I’m glad he’s gone to his reward; and we don’t have to deal with him any further.
I am with LeftHL on this – I am of the BRM-ruled generation, but I was repulsed by his ‘this-is-the-way-it-is’ manner of speaking. I usually thought a doctrinal discussion should be along the lines of ‘come, let us reason together’. I wondered how miserable it would be to be one of his children, living under his ‘be good or begone’ precepts, but I have heard people say that he was completely different (nicer, more complimentary, more supportive) at home, so I suppose he is a mixed bag.

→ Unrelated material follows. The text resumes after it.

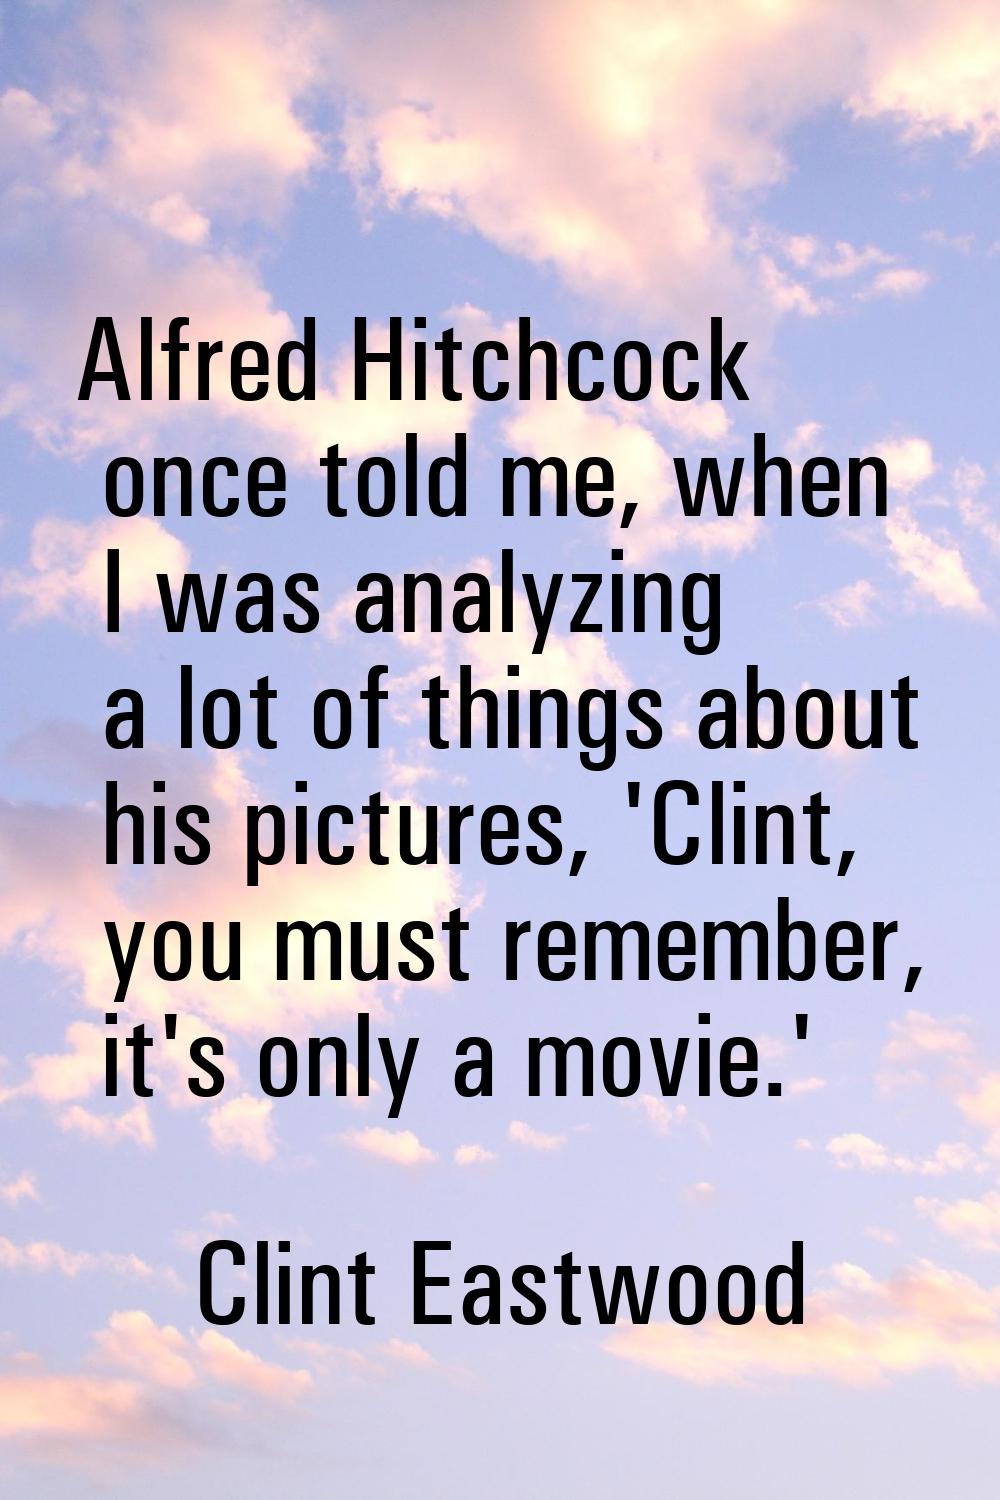 Alfred Hitchcock once told me, when I was analyzing a lot of things about his pictures, 'Clint, you

Thanks for the post. I appreciate the reminder that human beings are complicated and that turning each other into caricatures is neither kind nor helpful to understanding. I must strongly disagree, though, with calling Bruce R. McConkie an “intellectual.” While he clearly had an active mind and great intellect, an intellectual is typically someone who engages deeply with complex ideas and who values careful, critical thinking. He did neither. And it doesn’t do to label him as just a “different type” of intellectual.
Elder McConkie publicly denounced the critical study of the scriptures. He also showed favor for his own opinions as a church leader over the thoughtful consideration of contemporary thinkers (e.g., his very regrettable treatment of of Eugene England). Also, he dismissed scientific knowledge if he sensed incongruence with his own scriptural interpretations (e.g., his teachings against evolution). And he played a big role in the correlation effort which had as one of its purposes to limit independent intellectual and theological thought within the Church.
Saying Elder McConkie was just a different sort of intellectual disregards the meaning of the word. It’s akin to calling a chef “an innovator,” but who never incorporates new techniques and who sticks to a single traditional recipe. While Elder McConkie was undoubtedly smart and had a keen intellect, history shows that he applied his intellectual abilities in a decidedly anti-intellectual way. To label him otherwise is to misrepresent history.
Bruce McConkie was dogmatic and his dogmatism (regarding the LDS Church’s racial bigotry) came back to bite him. The LDS Church’s First Presidency, 15 December 1969, falsely claimed Joseph Smith, Jr., and God had restricted blacks of African descent from the LDS priesthood (which McConkie had bought into); but when it was discovered that Joseph (The Prophet of The Restoration) had signed the 1836 Elijah Able license as an elder, President Spencer Kimball and The Twelve (one of whom was McConkie) decided it was time to announce a new “Revelation” which was accomplished on 9 June 1978.
The last four postings seem to resonate with me.
I read the entire interview at From the Desk, and found it extremely frustrating. How many times can Joseph Spencer say, “I haven’t studied this enough to know how it happened, but I’m telling you how it happened” and still be taken seriously?